Le couronnement de la Vierge dans l'art

Le couronnement de Marie, tympan XIII° siècle. Cathédrale de Chartres
Le couronnement de Marie, tympan du porche nord, aussi appelé "portail de l'Alliance", XIII° siècle. Cathédrale de Chartres (France). Wikimedia CC.
Jacopo Torriti (1295), Couronnement de la Vierge Rome
Jacopo Torriti (1295), Couronnement de la Vierge avec anges, saints, le pape Nicolas IV et le cardinal Colonna. Mosaïque de l'abside de la basilique Sainte-Marie-Majeure.
Couronnement, St Louis des français
Charles Mennin, Assomption, transformée par Manno, au XIX° siècle, en un couronnement de Marie. Eglise Saint Louis des Français, Rome. Photo © F.Breynaert, CCP$=
Fra Angelico, Le couronnement de la Vierge Cellule 9 du couvent saint Marc,
Fra Angelico, Le couronnement de la Vierge, fresque, 1440-1444. Cellule 9 du couvent saint Marc, Florence. Wikimedia CC.
Couronnement de la Vierge, portail de la cathédrale de Reims
Couronnement de la Vierge, portail de la cathédrale de Reims, XIII°siècle. ©Breynaert
Enguerrand Charonton, Le couronnement de Marie,  Wikipedia CC.
Enguerrand Charonton, Le couronnement de Marie, 1454, huile sur toile, 183 x 220 cm. Hospice, Villeneuve-les-Avignon (France). Wikipedia CC.
Couronnement de la Vierge. Cathédrale Notre-Dame de Paris.Wikimedia CC.
Portail de la Vierge. Cathédrale Notre-Dame de Paris.

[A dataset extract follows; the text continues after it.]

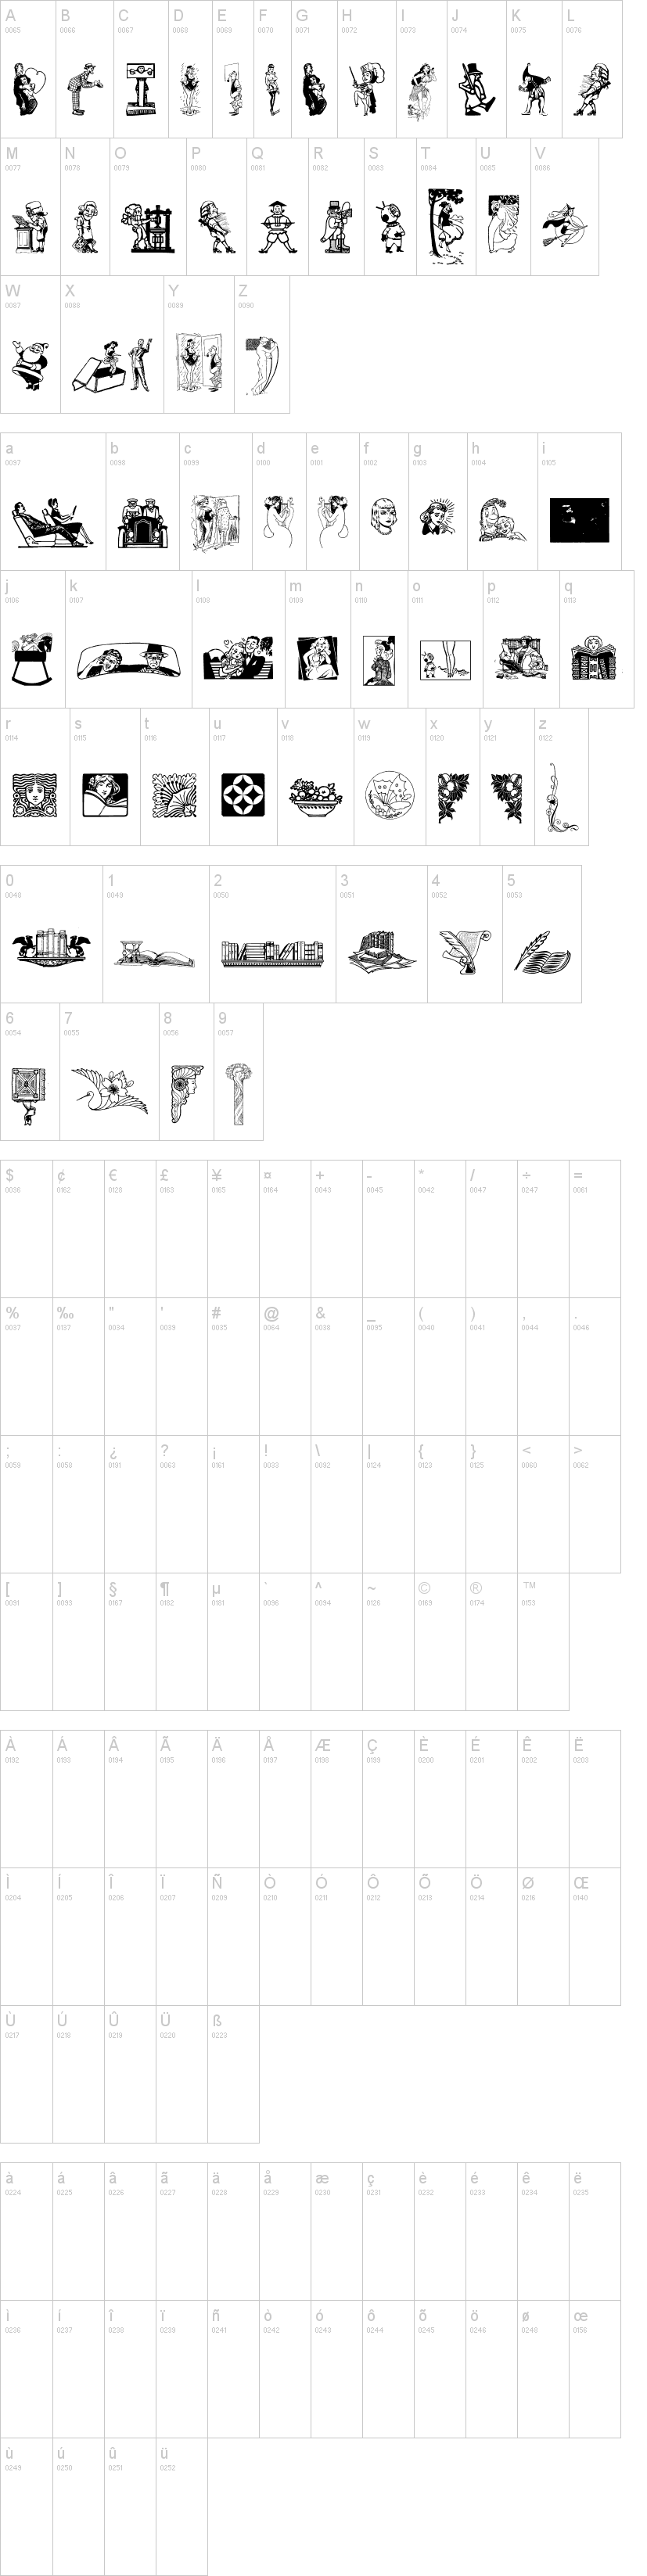 Cornucopia of Dingbats字符映射图

Dessin, Dictionnaire raisonné de l’architecture française du XIe au XVIe siècle, Eugène Viollet-le-Duc, tome 8. 1856. Wikimedia CC.

Le thème du couronnement de Marie apparaît en Occident au XII° siècle, pour deux motifs :
- Pour saint Bernard, l'épouse du Cantique des Cantiques, traditionnellement identifiée à l'Eglise, est aussi la Vierge Marie. Or, dans l'antiquité, lors de ses noces, l'épouse est couronnée !
- La maturation de la doctrine de l'Assomption amène aussi le thème du couronnement de Marie, la première, elle reçoit la couronne de vie promise par le Christ (Ap 2, 10).

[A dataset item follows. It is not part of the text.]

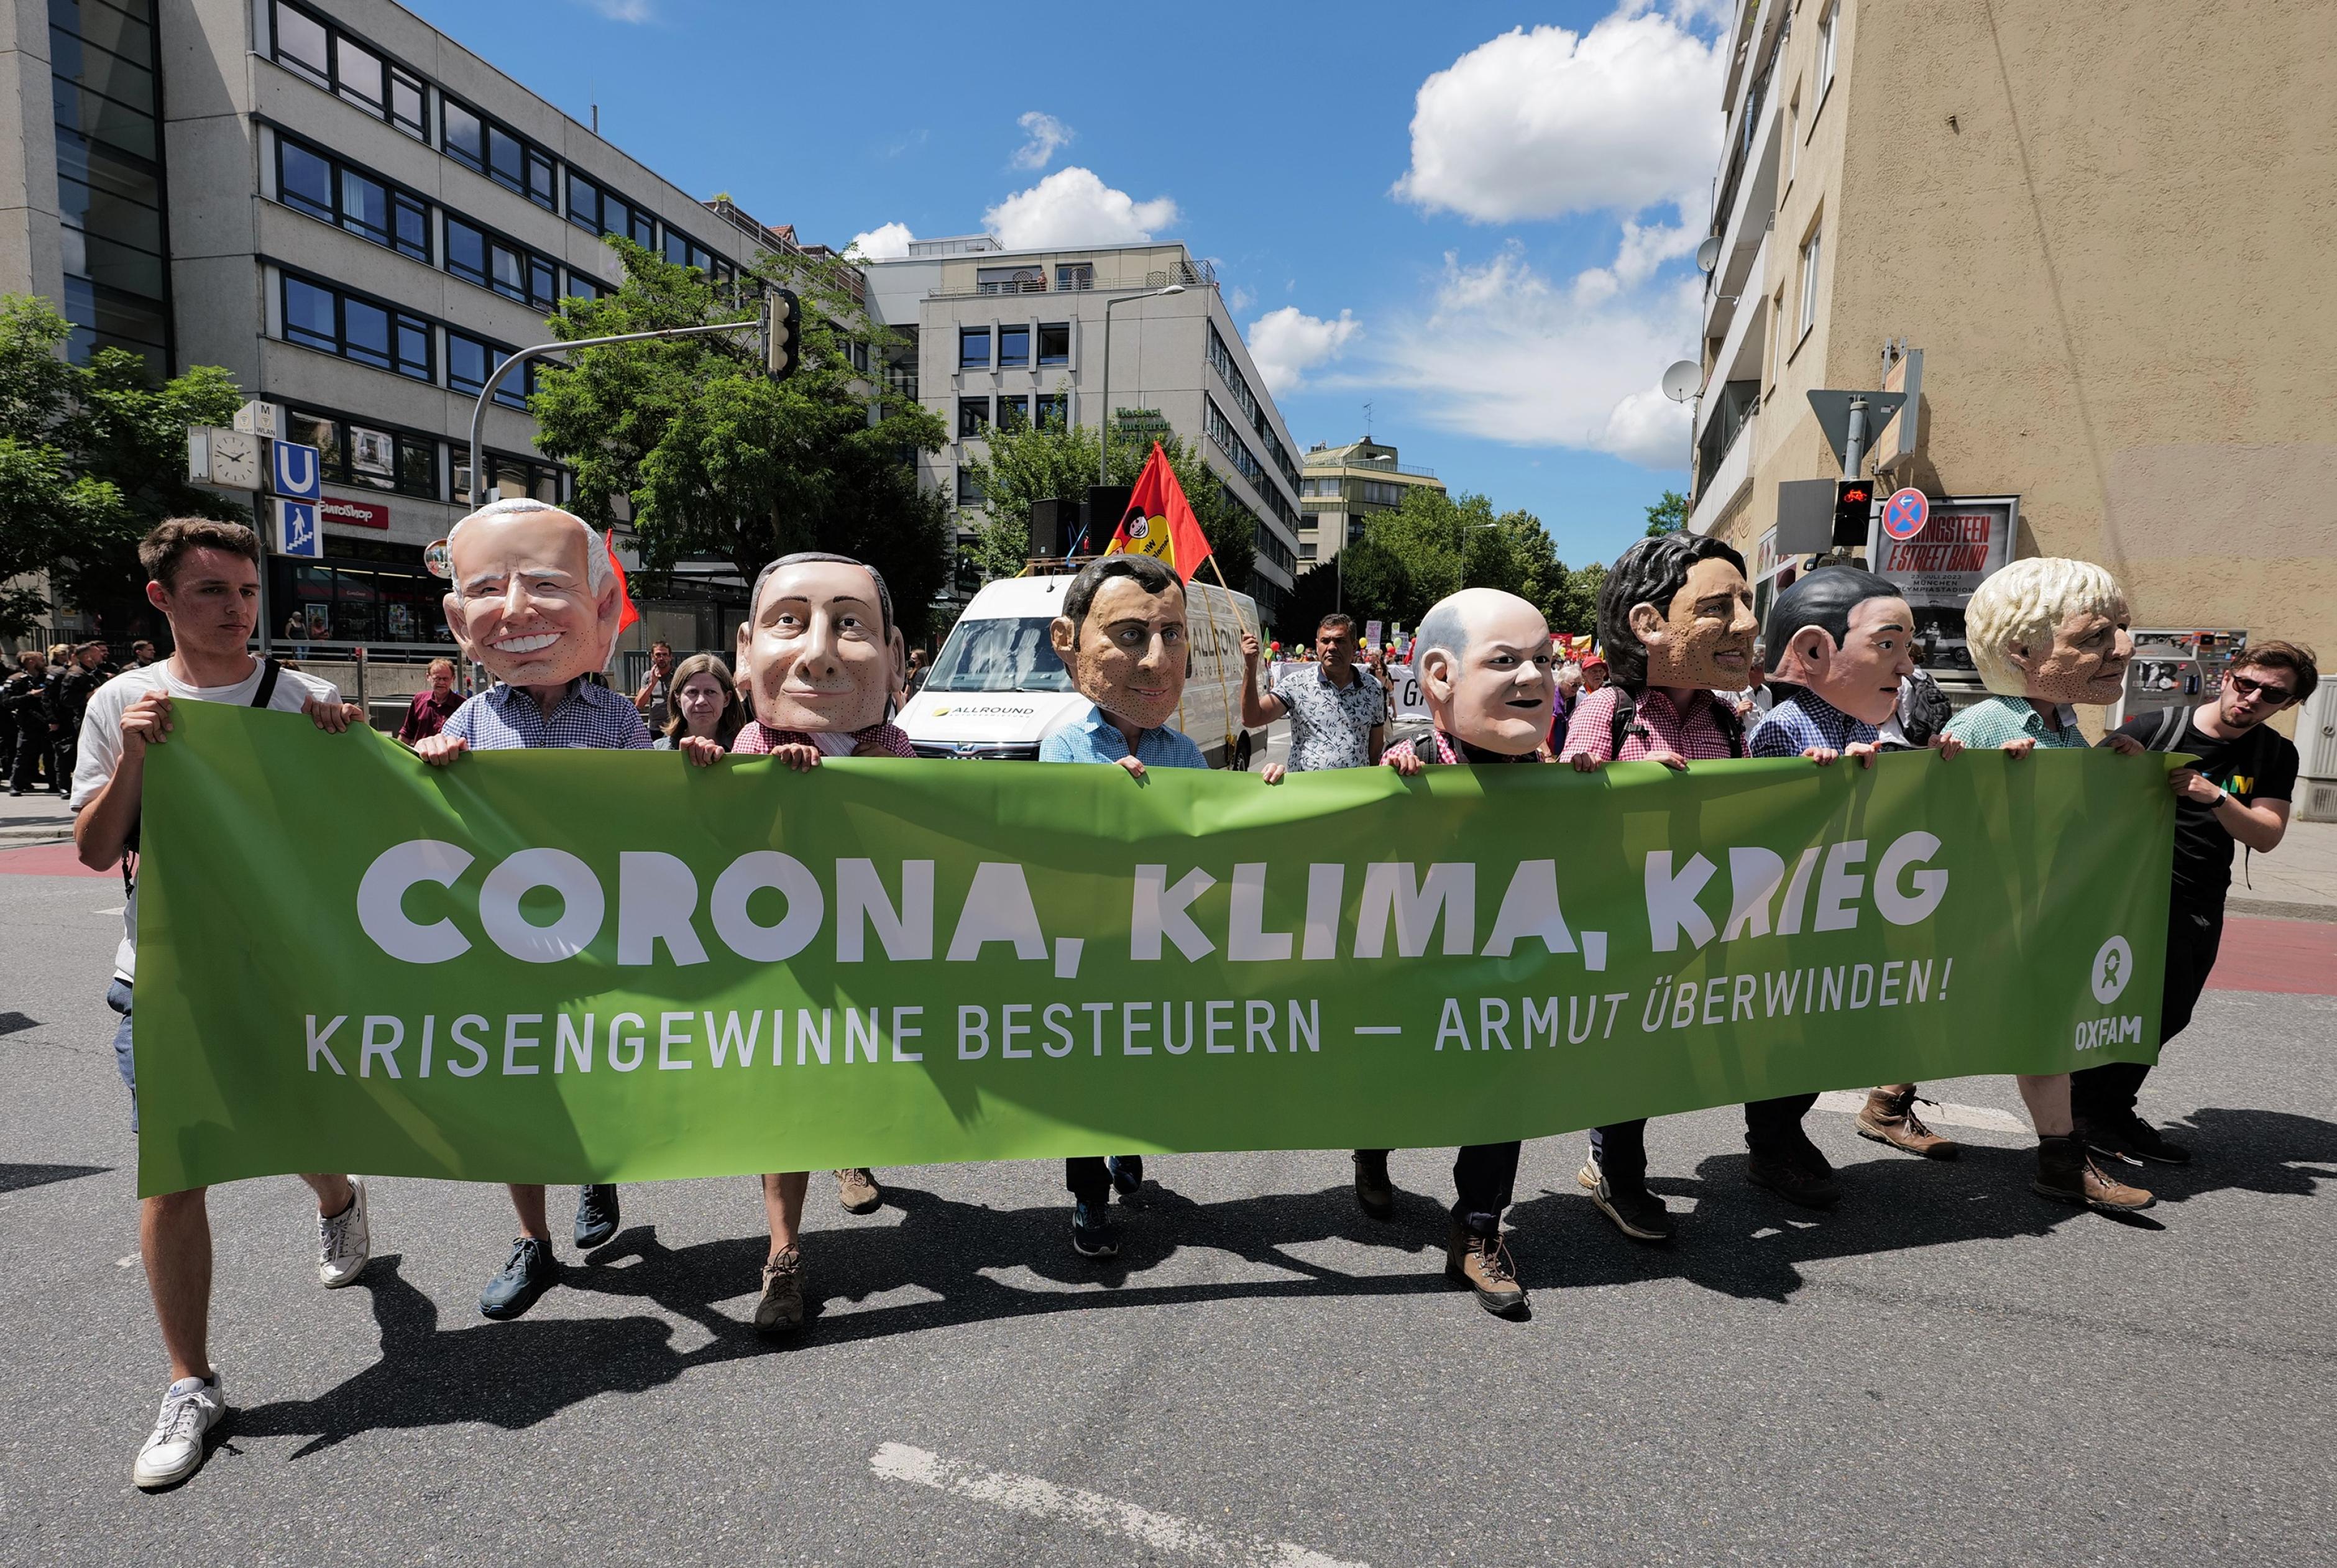 9 Oxfam-Mitarbeiter*innen tragen einen grünen Banner mit der Aufschrift "Corona, Klima, Krieg: Krisengewinne besteuern - Armut überwinden" auf der G7-Demo 2022. 7 von ihnen (mittig) tragen Big-Heads und posieren so als G7-Regierungschefs.

Le couronnement de la mariée, ou des époux, signifie la perfection et l'achèvement de leur union, c'était une coutume commune à tous les peuples.
La couronne du baptême est une couronne de mariage, couronne de vie (cf. Ap 2,10), une couronne d'immortalité; en dernières analyses, la couronne est le Christ lui-même, c'est sa présence.
Le rite du couronnement faisant déjà partie des noces chrétiennes (couronne et cheveux déliés), il devint un attribut de la vierge qui se marie et, de façon plus générale, de la virginité. Une preuve indirecte est représentée par le rite de la consécration des vierges - inspiré de la célébration des noces chrétiennes - rite qui prévoyait la remise du voile à la vierge et son couronnement de la part de l'évêque, accompagnée par ces mots: "Reçois un signe du Christ sur ta tête, pour que tu deviennes son épouse et si tu restes en cet état, tu seras couronnée pour l'éternité."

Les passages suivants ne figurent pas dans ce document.